Coda File System

Re: Server Crash Post Mortem

From: Jan Harkes <>
Date: Thu, 4 Sep 2003 13:42:13 -0400
On Mon, Sep 01, 2003 at 12:22:18PM +0200, Steffen Neumann wrote:
> 	- 10:15:45 random snippet with warnings that sound chinese to me
>         10:15:46 CheckRemoveSemantics: 1000004.5.3, VCP error (198)

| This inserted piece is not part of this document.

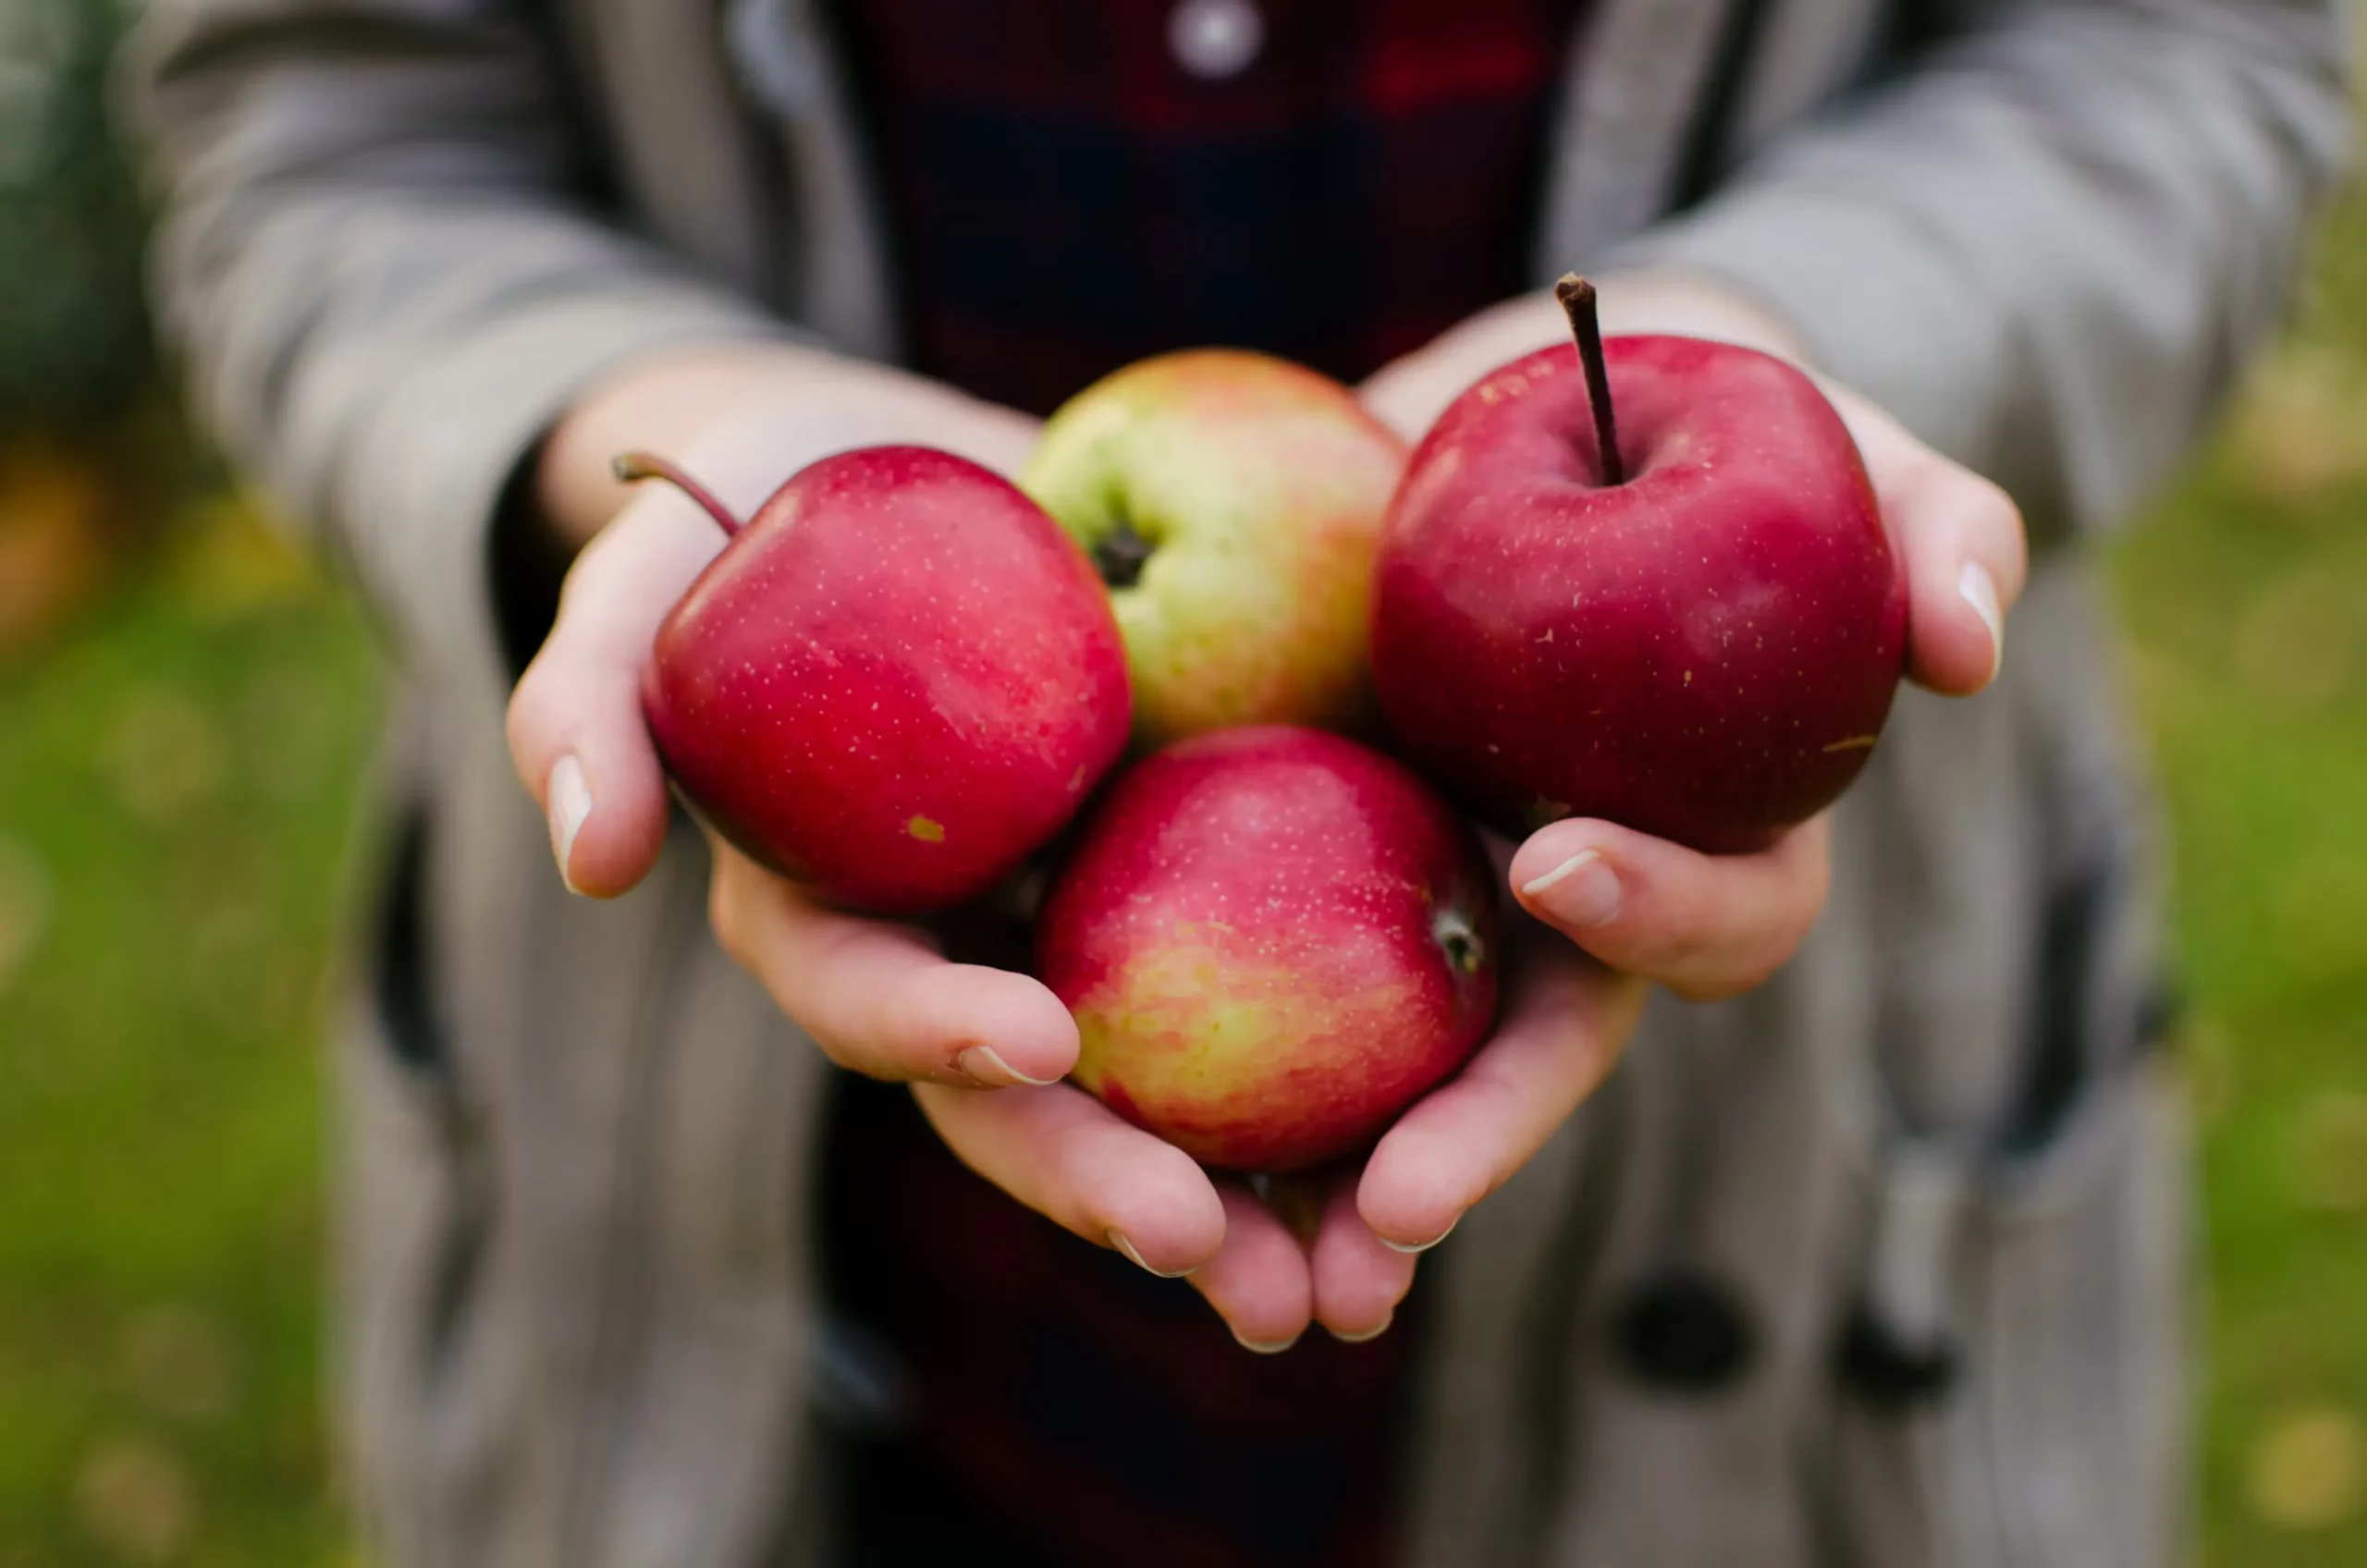 Highly available all year long, apples have countless benefits, including anti-inflammatory properties

I typically associate VCP error 198 with a client that is reintegrating
or repairing something when it has stale data in the local cache. I'm
having this suspicion that that has become somewhat more common ever
since the '..' traversal fixes went into 6.0.1. Possibly something went
wrong with refcounting and objects aren't purged or refetched as they
should in all cases.

In this case it looks like this client is trying to remove and create
files in a directory with the fid 1000004.5.3, but it has a stale copy
of the directory in the local cache.

This could be repair or reintegration related.

>         10:16:00 VGetVnode: vnode 1000004.dda8 is not allocated

These are typically resolution related, triggered after the previous
repair or reintegration attempt. However the parent directory needs to
be resolved and the client seems to be intent on not triggering
resolution on an obviously stale directory. As it never revalidates the
directory it doesn't see that the conflict it is trying to resolve is
really somewhere else.

>         11:55:14 VShutdown:  shutting down on-line volumes...

That looks like a voluntary shutdown. i.e. someone or something sent
the codasrv process a SIGKILL or SIGTERM, or used 'volutil shutdown'. I
don't see any indication of a fatal crash.

>         11:55:14 VShutdown: Taking volume offline...
>         11:56:25 Callback failed RPC2_NAKED (F) for ws

Some lock (resolution?) is still held on this volume and the server is
waiting for it to be released. If in such a situation it looks like the
lock isn't getting released anytime soon a kill -9 might be in order to
really bring the server down.